Мир, в котором ей больше не придется никого терять.
Её знали как живую загадку, парадокс: отважная воительница, не любящая сражений и одинаково приветливая для всех.
Она так никогда и никому не призналась, что если бы не всё то же милосердие, то сейчас не пришлось бы ловить в глазах своего отражения отблески древнего могущества, надёжно приковавшего ее к земле. Не пришлось бы задыхаться от собственной силы. Не пришлось бы раз за разом повторять: «Я не чудовище».
«Не монстр»
Говорят, что шинсо подобны звездам. Говорят, иногда звездам приходится умирать.
А внешне… Внешне лидер Великих Темных Владык осталась прежней – все её вкусы, привычки - все, кроме одной. Когда Мока подросла, окружающие часто стали замечать в руках Акаши маленькое круглое зеркальце со всегда холодной оправой цвета тусклой стали. Рассказывать что-либо женщина не считала нужным, а от бесед на эту тему уходила легко и красиво, как умела всегда.
Просто уйти.
Не вернуться.
Однажды Исса спросил её об этом простеньком кусочке стекла. В ответ Акаша лишь улыбнулась и повернула к нему зеркальце другой стороной. Исса понимающе кивнул и больше никогда не задавал ей этого вопроса.
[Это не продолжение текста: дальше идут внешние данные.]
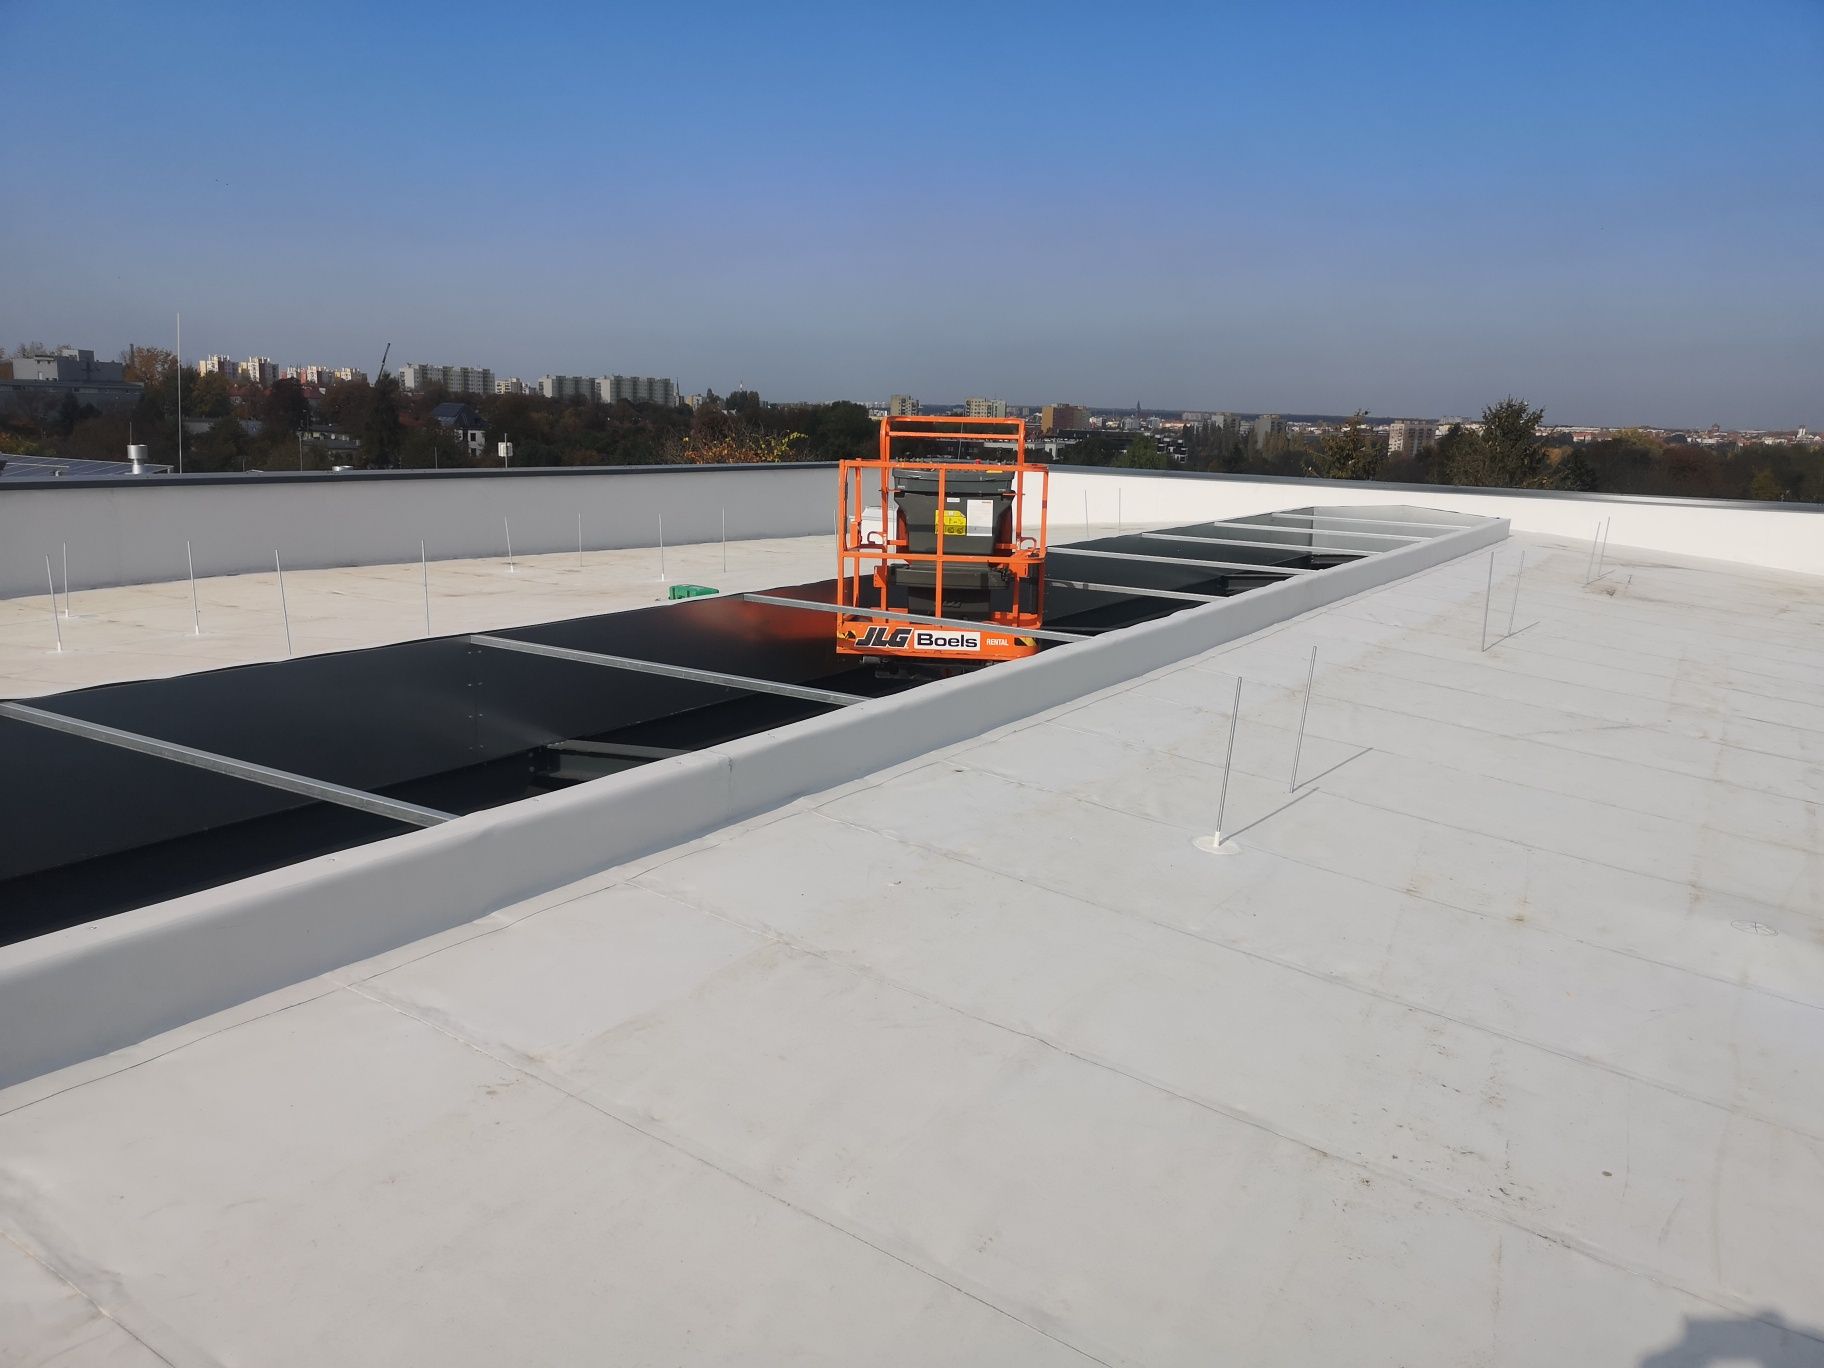 Firma Dach - Partner dachy płaskie

Иногда Акаша шутила, что маленькое зеркало стало ее вторым сердцем, и если с ней что-нибудь случится, оно обязательно ее защитит. Кто знает? Так или иначе, женщина никогда не расставалась со своим оберегом… Вот только помочь ей он не смог никак.
«Кто сражается с чудовищами, тому следует остерегаться, чтобы самому при этом не стать чудовищем. И если ты долго смотришь в бездну, то бездна тоже смотрит в тебя».
Акаша знала, что сопротивляется дольше, чем это возможно в принципе. Когда убеждать себя, что не слышишь искаженно-знакомый зовущий голос стало еще труднее, она начала искать другие выходы – убежать. Спрятаться. Забыть.
Чем старше становилась Мока, тем чаще Акаша просыпалась, комкая изорванные простыни, бессильно выкрикивала имя сорванным голосом и закрывала невидящие глаза.
«Останься в том дне».
«Отпусти меня».
«Уходи».
И продолжала улыбаться по утрам.
Но это был не ее страшный сон, и проснуться так и не получилось. Обладая силой Истинного предка, она не стала сама чудовищем - просто два шинсо и были одним целым, пусть даже то, что соединило их одну нечеловеческую жизнь назад — отмоталось и стерлось. Так бывает. Иногда.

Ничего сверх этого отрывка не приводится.